Here’s the list of puzzles & games from my session at the BCAMT Fall Conference.

Together, we brainstormed some ideas about connecting games to mathematics. I listed some of these ideas in an earlier post.

Also, I attended a couple of sessions in the morning…

“It’s the most interesting thing a graphing calculator can do and we don’t even have kids do it.” Dan Kamin was talking about creating a scatterplot to determine the linear, quadratic, or exponential regression equation. While lines/curves of best fit are no longer in the curriculum (regression functions *were* in Applications of Math 10 & 11), it is expected that students will solve problems by analyzing linear, quadratic, and exponential functions. This provides opportunities to have students use technology to answer questions such as:

- Is the data best modeled with a line or with a curve?
- What is the equation of the function that best models the data?
- How does your best fit line/curve compare with the those used by experts?
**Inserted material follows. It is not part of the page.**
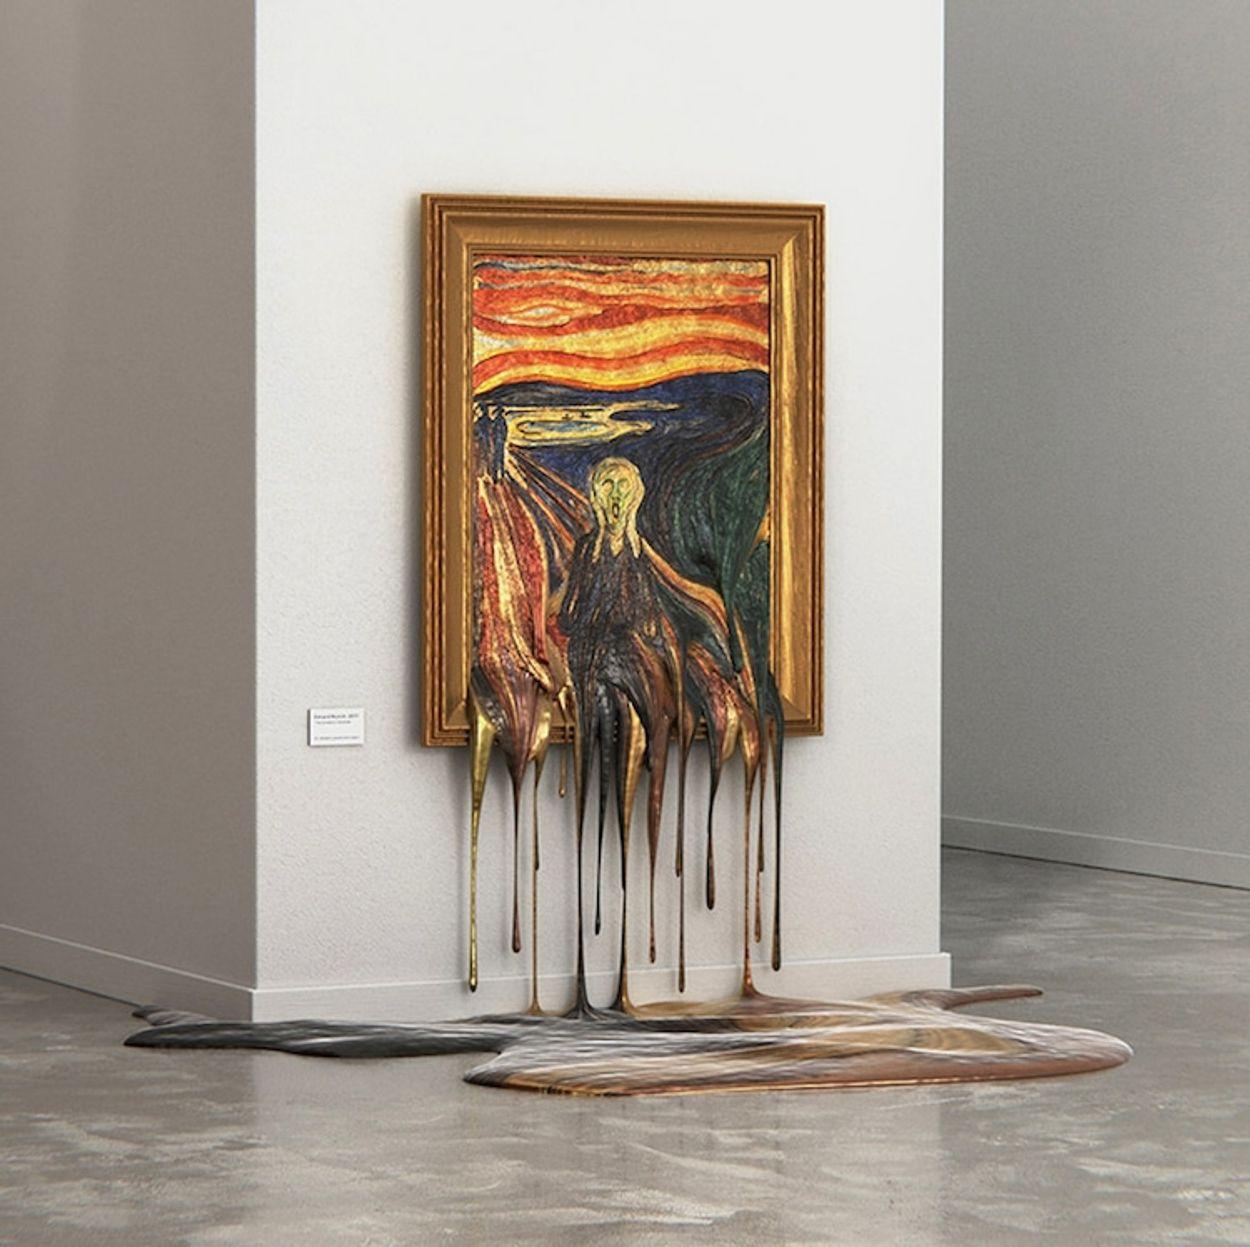 melting-masterpieces-digital-art-alper-dostal-2

As a person inhales and exhales, the volume of air in the lungs can be modeled with a periodic function. Dan asked his students to write the equation of the sinusoidal function. They couldn’t. It wasn’t a Ferris wheel. “No one had asked them to create something before.”

I’ve had difficulty making domain and range relevant to 15-year-olds. David Wees shared an interesting activity at his presentation. Have students draw a picture of an object using line segments. Then, for each line segment, have them write the equation and determine the domain and range. Finally, have them enter this information using GeoGebra and compare the result with the drawing.

A reminder… the 2012 BCAMT New Teachers’ Conference will be held on February 11 at Queen Elizabeth Secondary School in Surrey.